■ WHAT NEEDS TO BE DONE: Return all the data exactly, keeping the pictures out.

■ PROVIDED DATA:
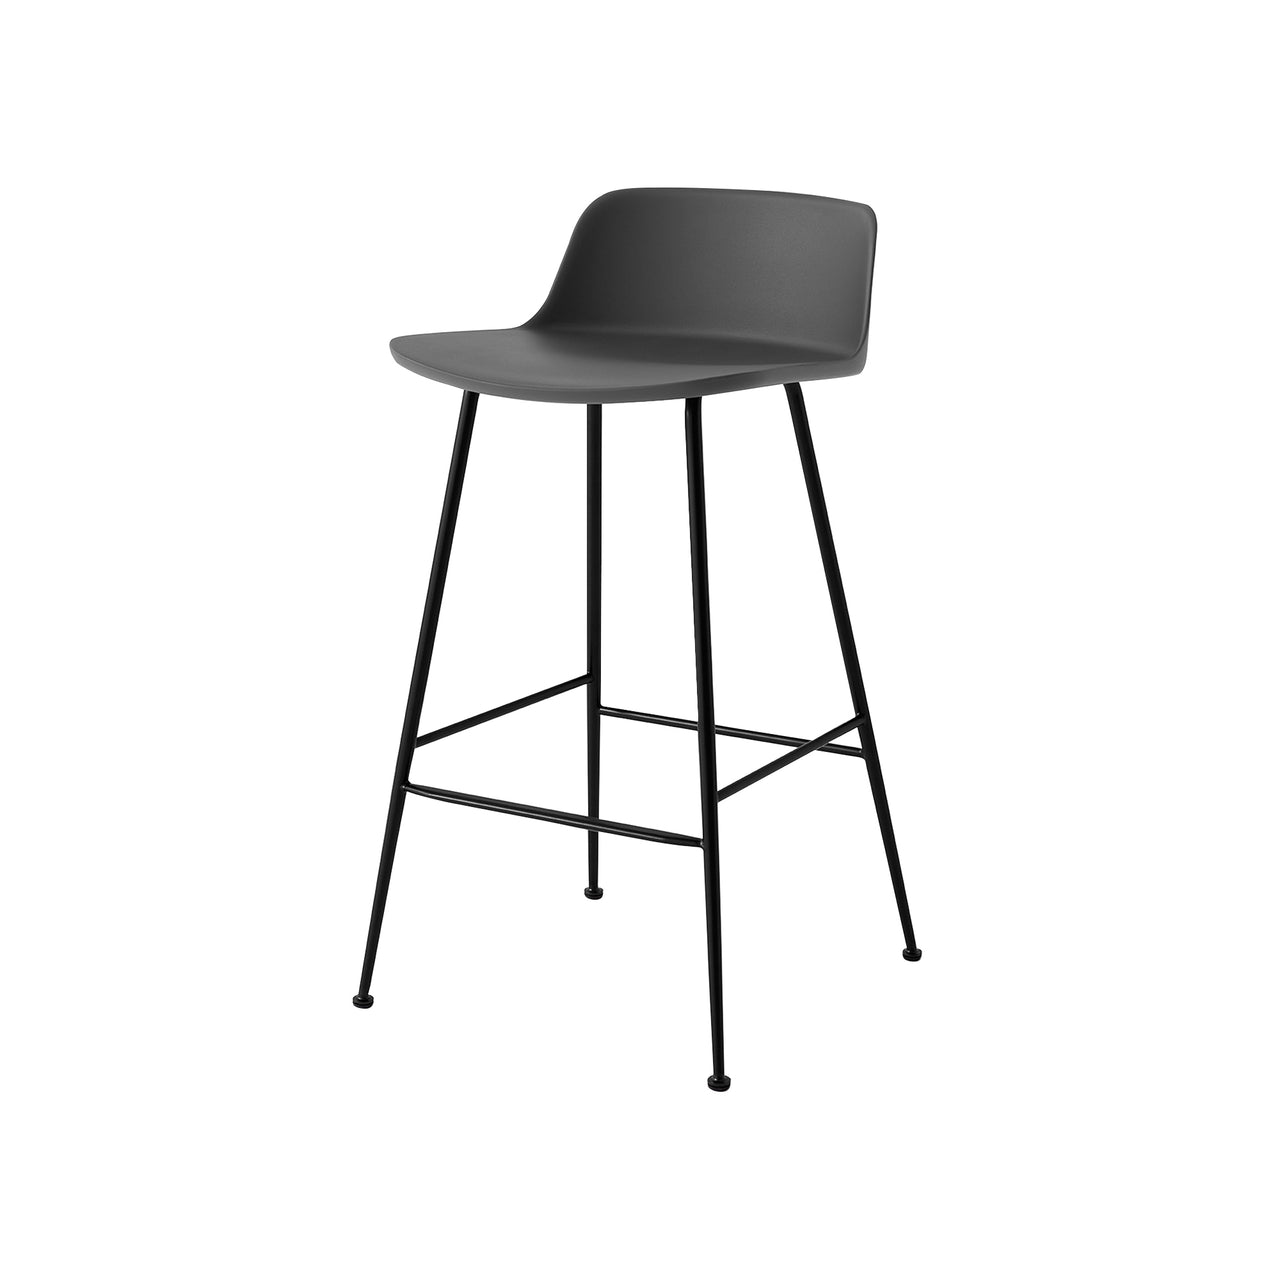 Rely Bar + Counter Lowback Stool: HW81 + HW86 + Counter (HW81) + Stone Grey + Black
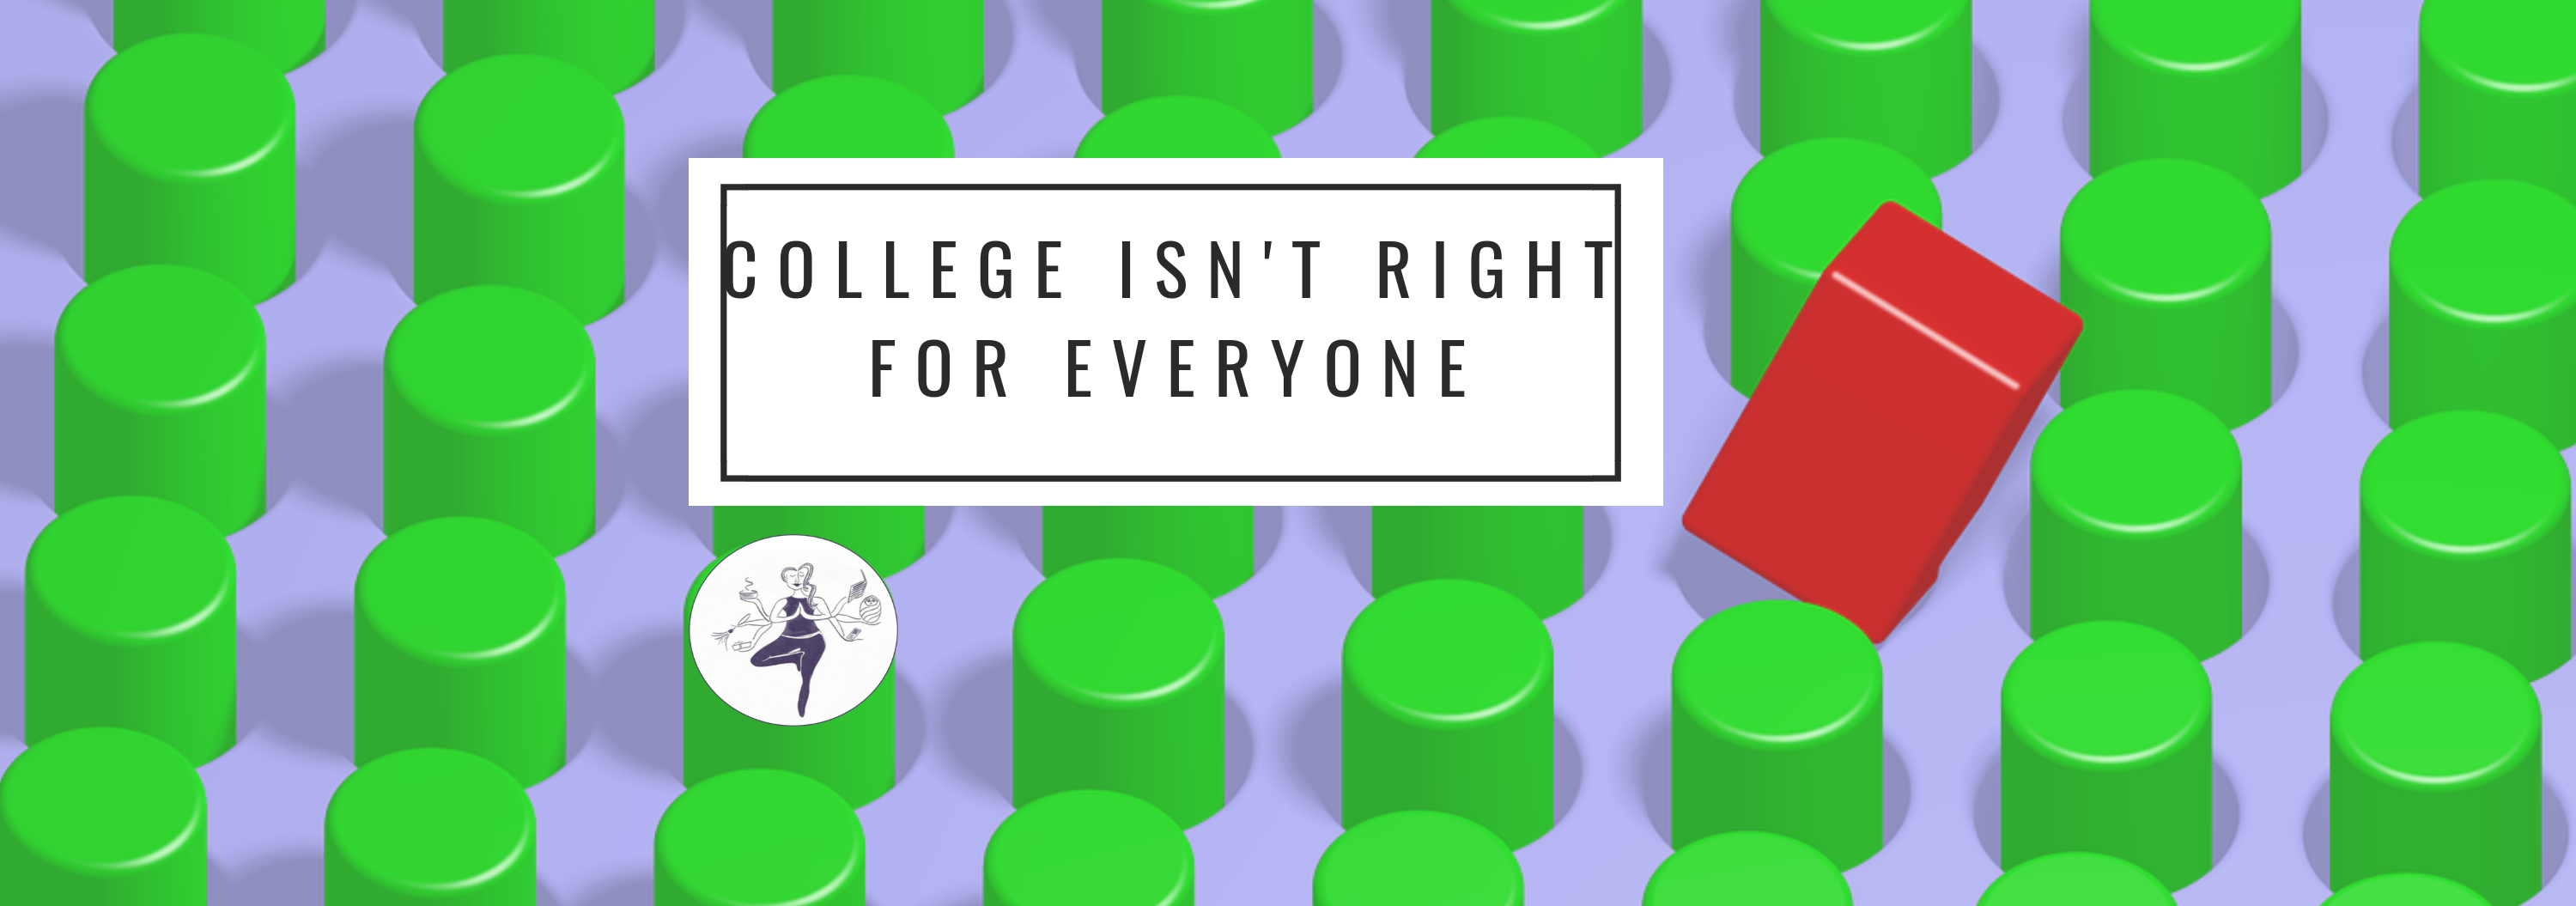 College Isn’t Right for Everyone
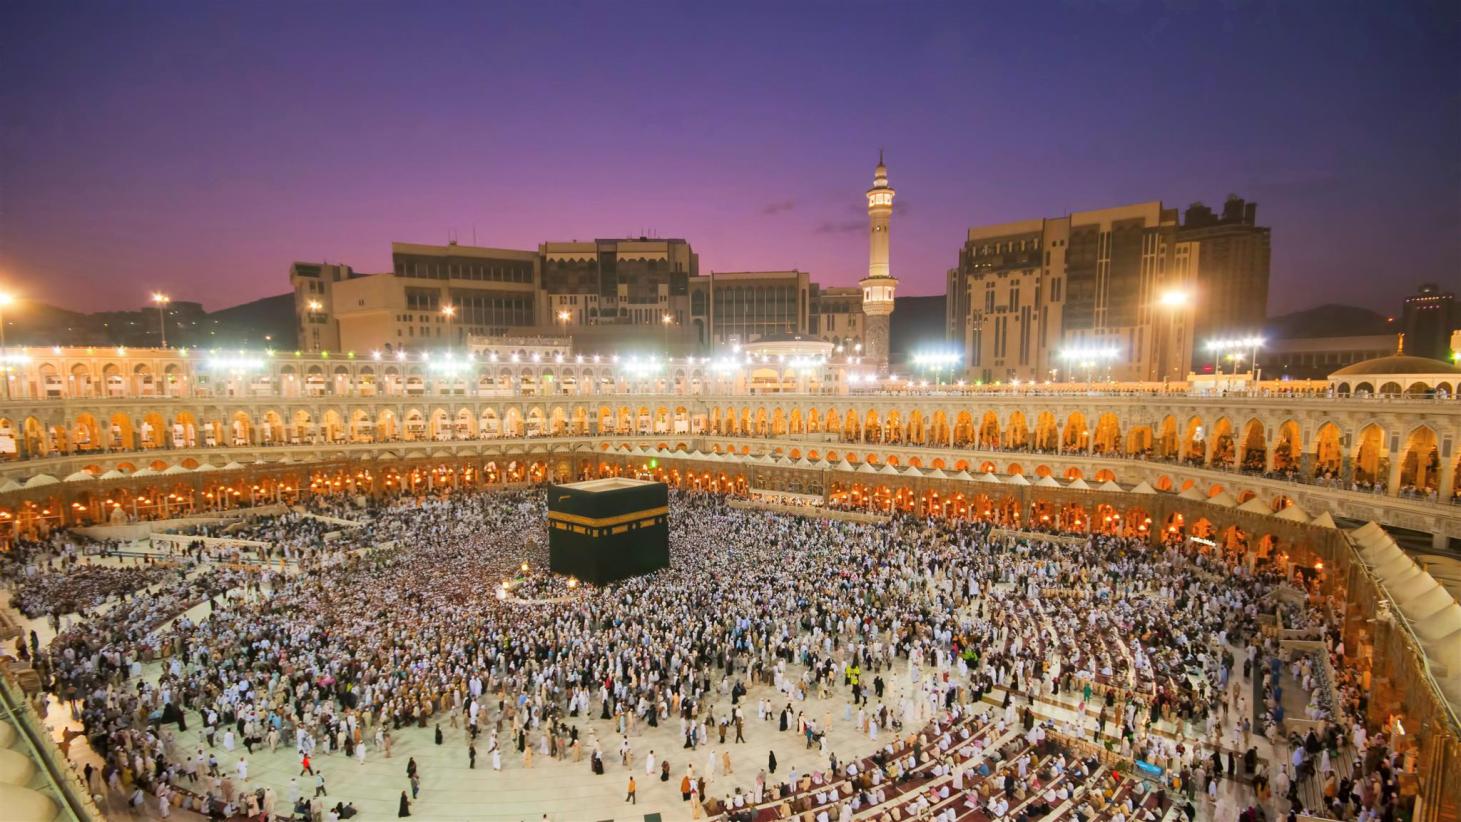 Can You Guess Countries Are by 3 Clues I Give You? Quiz Kaaba, Mecca pilgrimage, Saudi Arabia

■ WRITTEN ANSWER:
 Rely Bar + Counter Lowback Stool: HW81 + HW86 + Counter (HW81) + Stone Grey + Black
 College Isn’t Right for Everyone
 Can You Guess Countries Are by 3 Clues I Give You? Quiz Kaaba, Mecca pilgrimage, Saudi Arabia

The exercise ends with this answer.